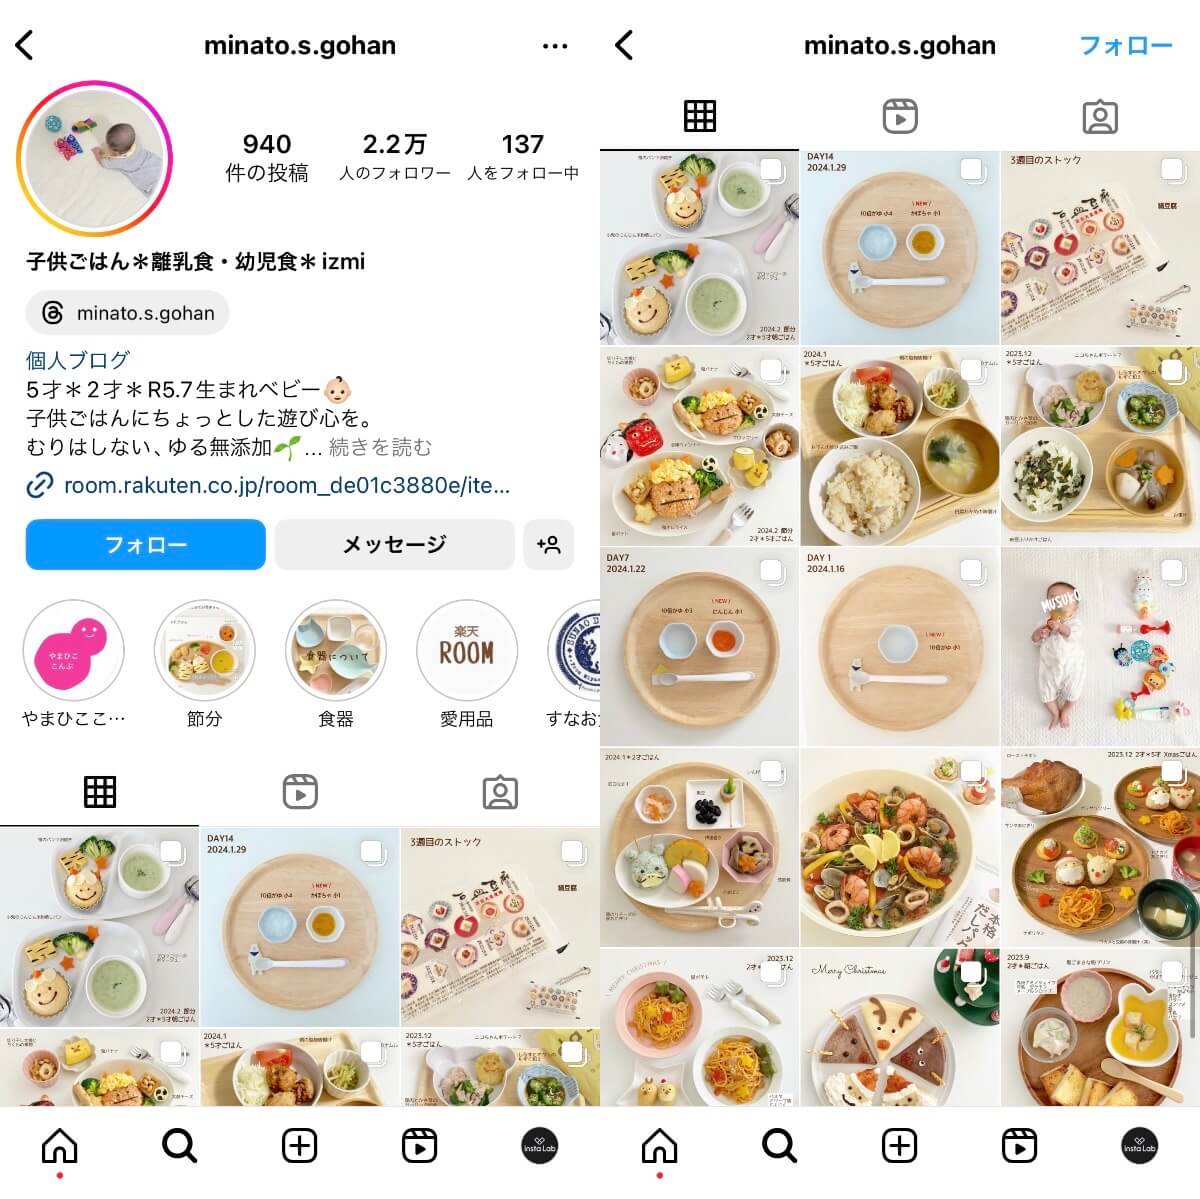 instagram-account-minato-s-gohan
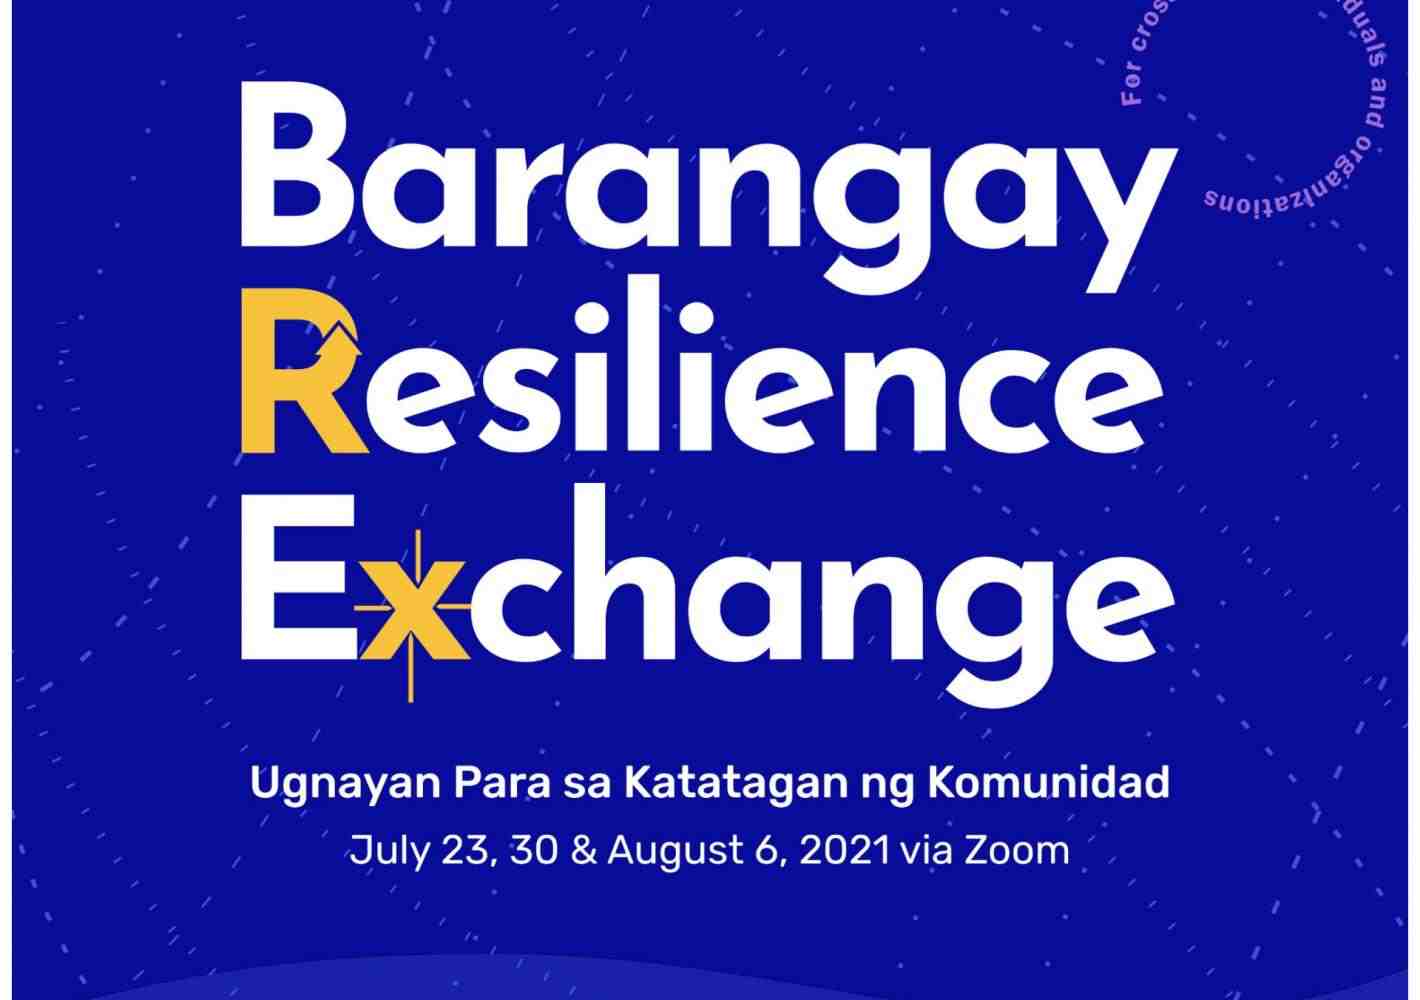 Text: Barangay Resilience Exchange
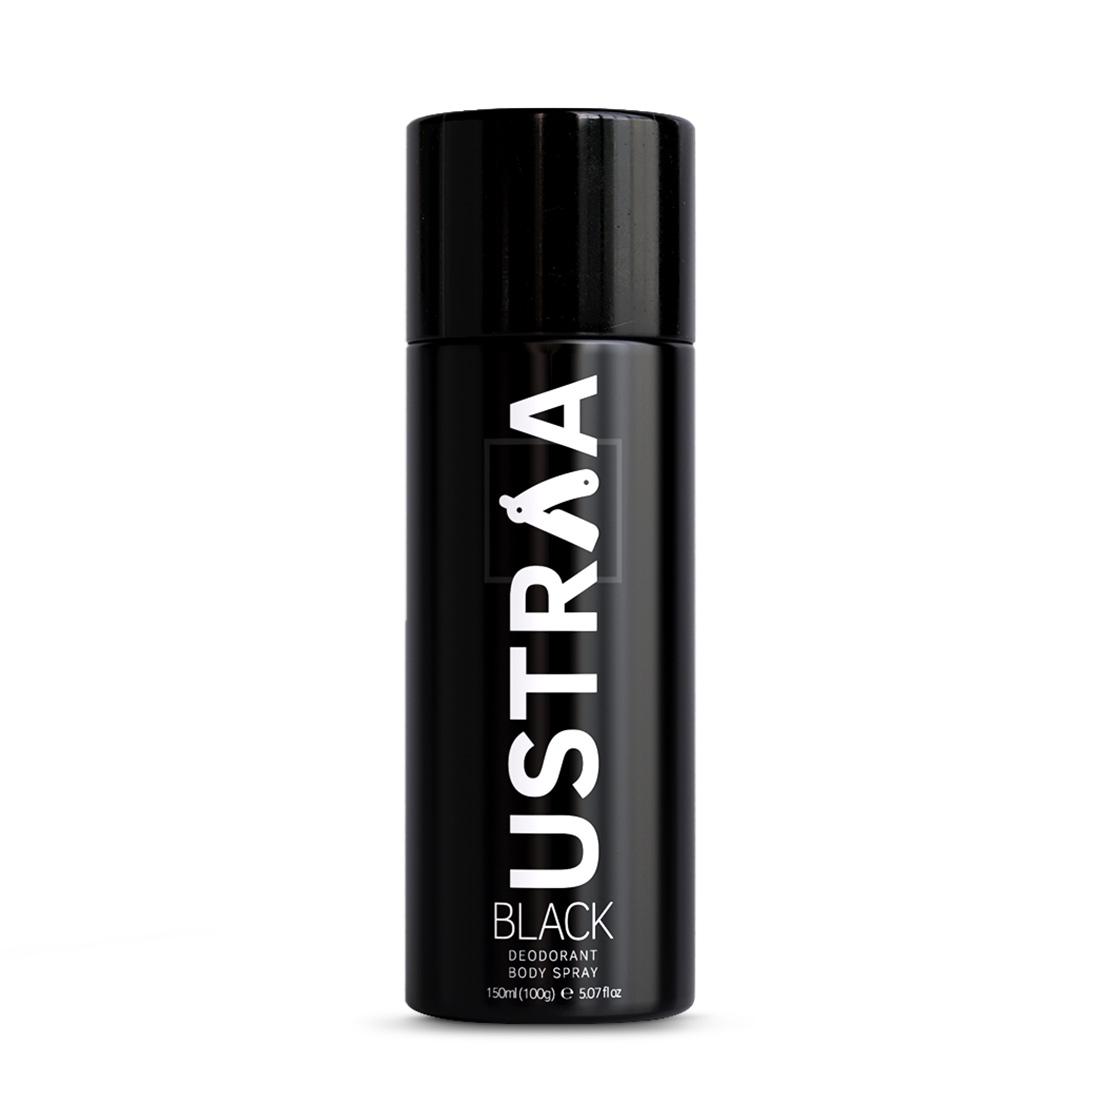 Ustraa Black Deodorant Body Spray | 24-Hour Freshness for Men
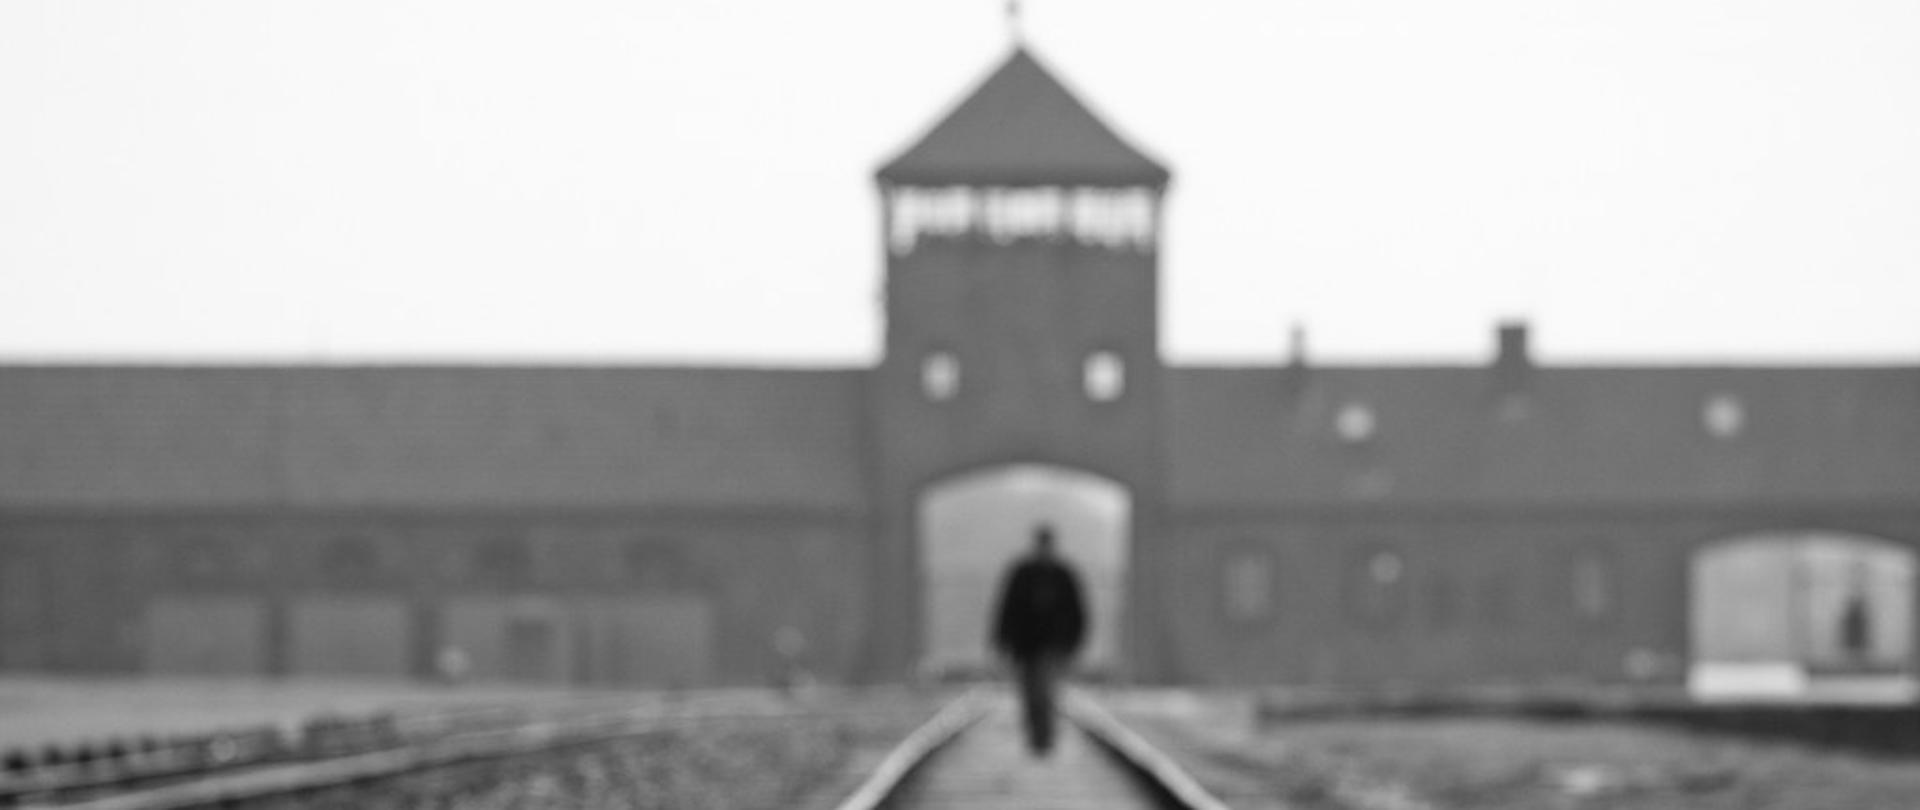 Ancien camp allemand nazi de concentration et d’extermination d’Auschwitz-Birkenau
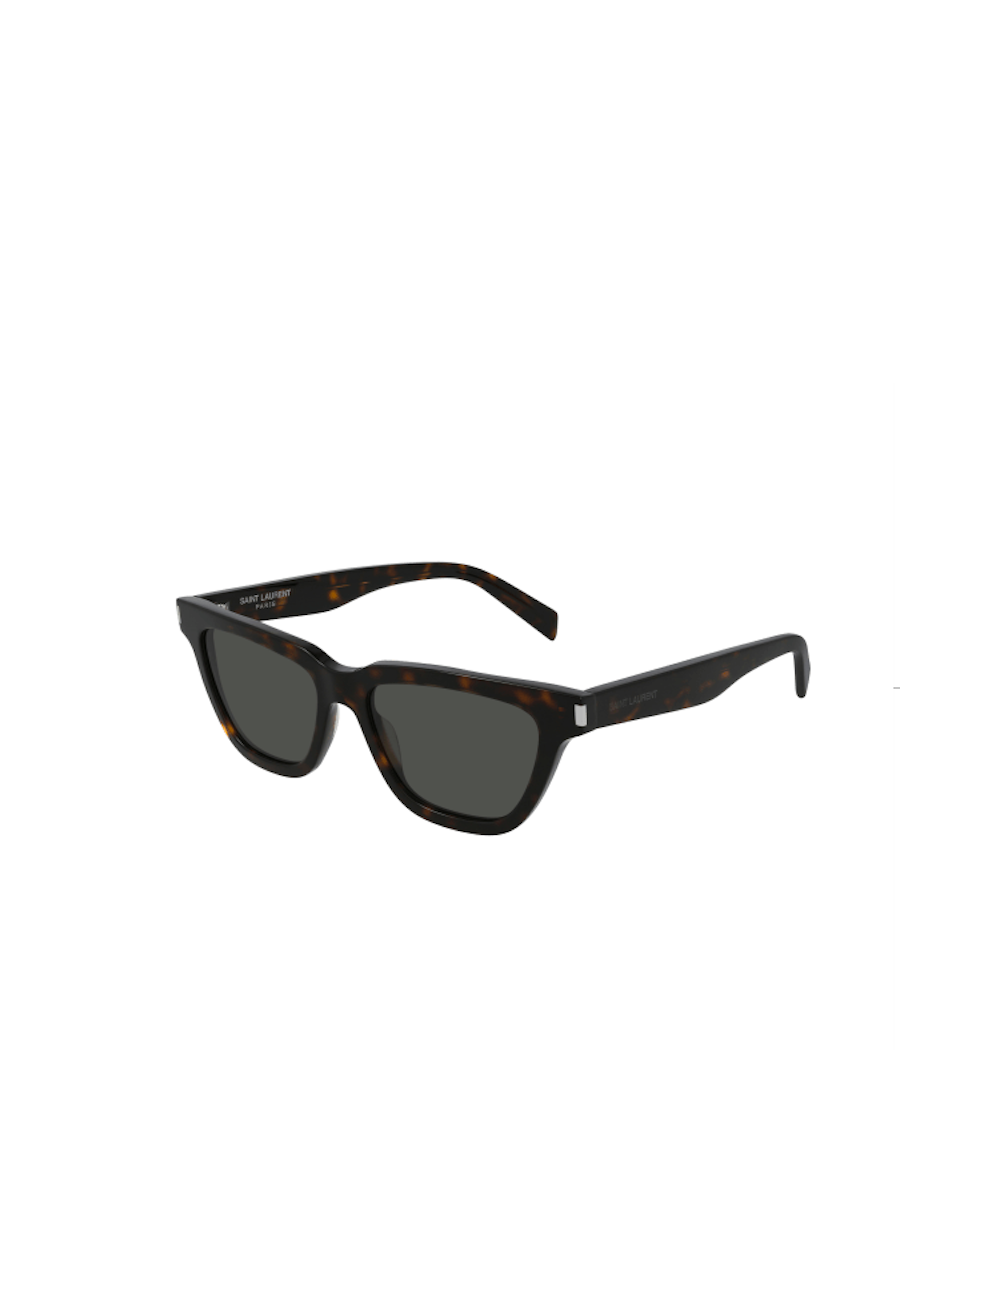 Saint Laurent SL 462 SULPICE 008 unisex sunglasses – Ottica Mauro

> **Task objective**
Skip the pictures and output all entries exactly.

> **Result below**
 instagram-account-minato-s-gohan
 Text: Barangay Resilience Exchange
 Ustraa Black Deodorant Body Spray | 24-Hour Freshness for Men
 Ancien camp allemand nazi de concentration et d’extermination d’Auschwitz-Birkenau
 Saint Laurent SL 462 SULPICE 008 unisex sunglasses – Ottica Mauro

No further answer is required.